49. Pour conclure: Il va de soi que la mise au point du nouveau modèle social européen prendra du temps. Elle implique un processus visant à atteindre un nouveau consensus européen sur les droits sociaux et les normes minimales à garantir, sur le dialogue social et les processus démocratiques à assurer dans tous les domaines de la société, y compris dans les relations et les décisions économiques, et sur les valeurs que constituent la solidarité et la cohésion, qui doivent rester les principes directeurs des politiques socio-économiques. Des décisions pertinentes doivent être prises par le biais des procédures démocratiques et électorales habituelles. Il existe actuellement en Europe une large convergence de vues quant au fait que la protection contre la pauvreté et l’inégalité des revenus est une caractéristique importante de la démocratieNote.

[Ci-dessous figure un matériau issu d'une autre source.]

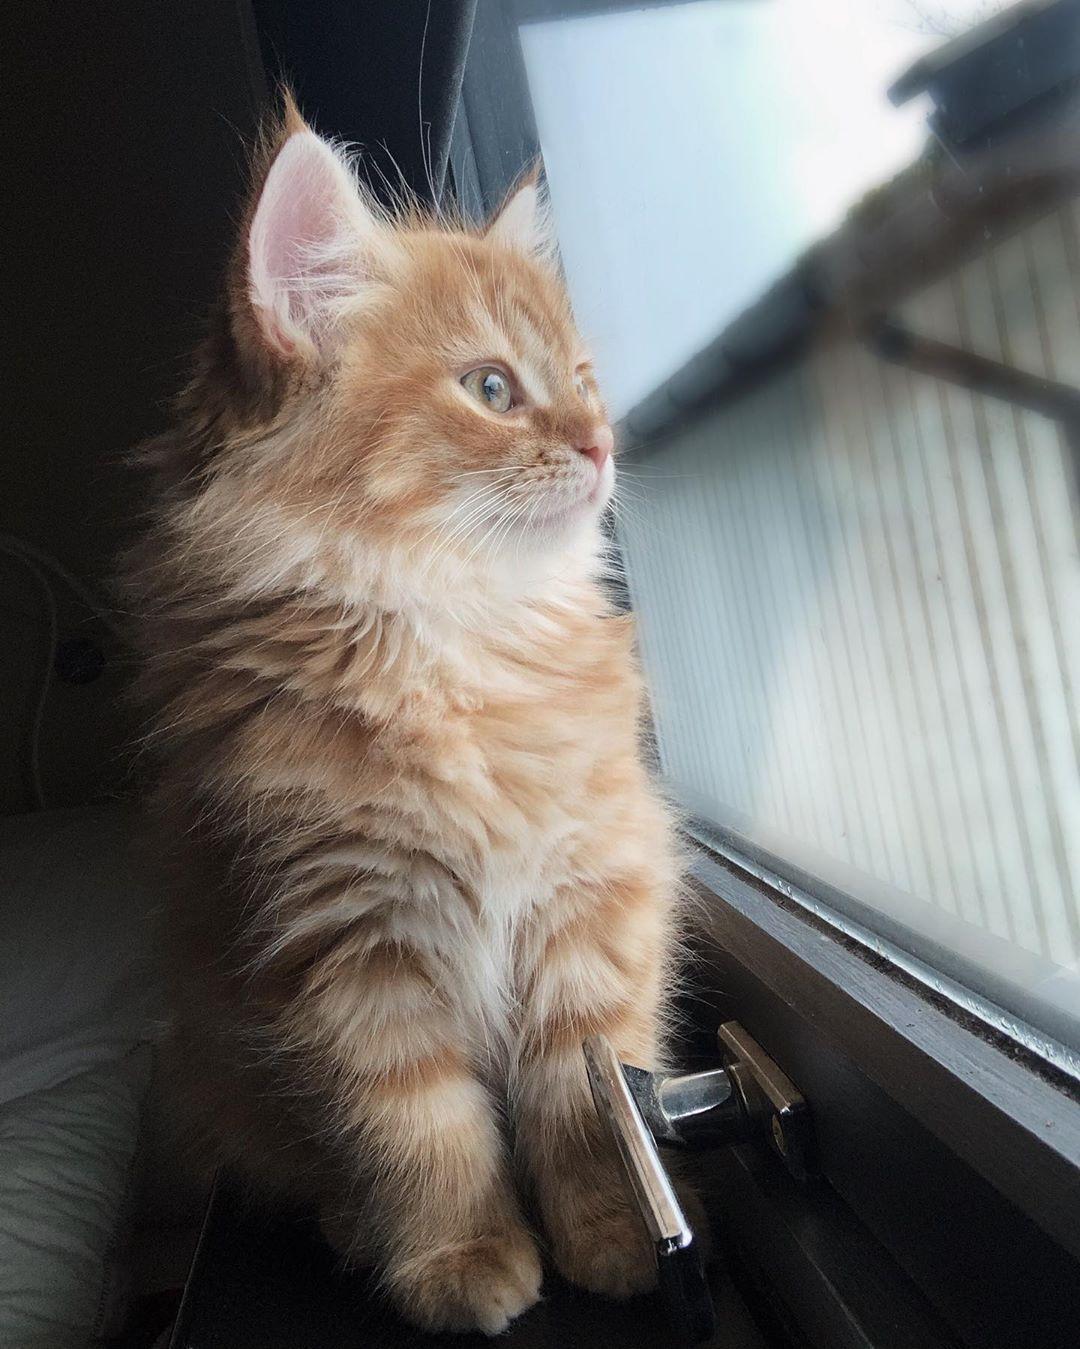 Instagram Bridge Looking Forward To New Adventures Simba Cat Fluffy Lion Catlovers Catlife Crazycatlady Catsofinstagram Adve Cats Cat Day Cat Lovers

Ces questions sont par conséquent au cœur de l’ambition du Conseil de l’Europe pour le continent.
50. Toute action publique ou privée menée en Europe aujourd’hui devrait reposer sur une vision commune fondée sur le partage des responsabilités, l’égalité des chances pour tous dès le plus jeune âge, des systèmes de sécurité sociale solides et des niveaux équitables de redistribution. Toutefois, comme le rappelle Anthony GiddensNote, ce modèle doit être durable. C’est pourquoi l’Europe devrait passer du traditionnel «Etat providence» à un «Etat d’investissement social» ou «Etat providence positif», qui encourage l’éducation et le développement des compétences, la prospérité, les choix de vie actifs et la participation économique et sociale. Tandis que l’Etat providence classique consistait davantage en un système de gestion du risque, l’Etat d’investissement social devrait permettre de mieux anticiper les évolutions et de trouver un nouvel équilibre entre les responsabilités et les contributions individuelles, d’une part, et les interventions de l’Etat, d’autre part, sans négliger sa fonction en matière de protection sociale et de stabilisation de l’économie. Comme le Comité de la protection sociale l’a récemment indiquéNote: «Il est temps de construire des systèmes de protection sociale appropriés et effectifs, qui combinent une dimension forte d’investissement social avec une meilleure protection.»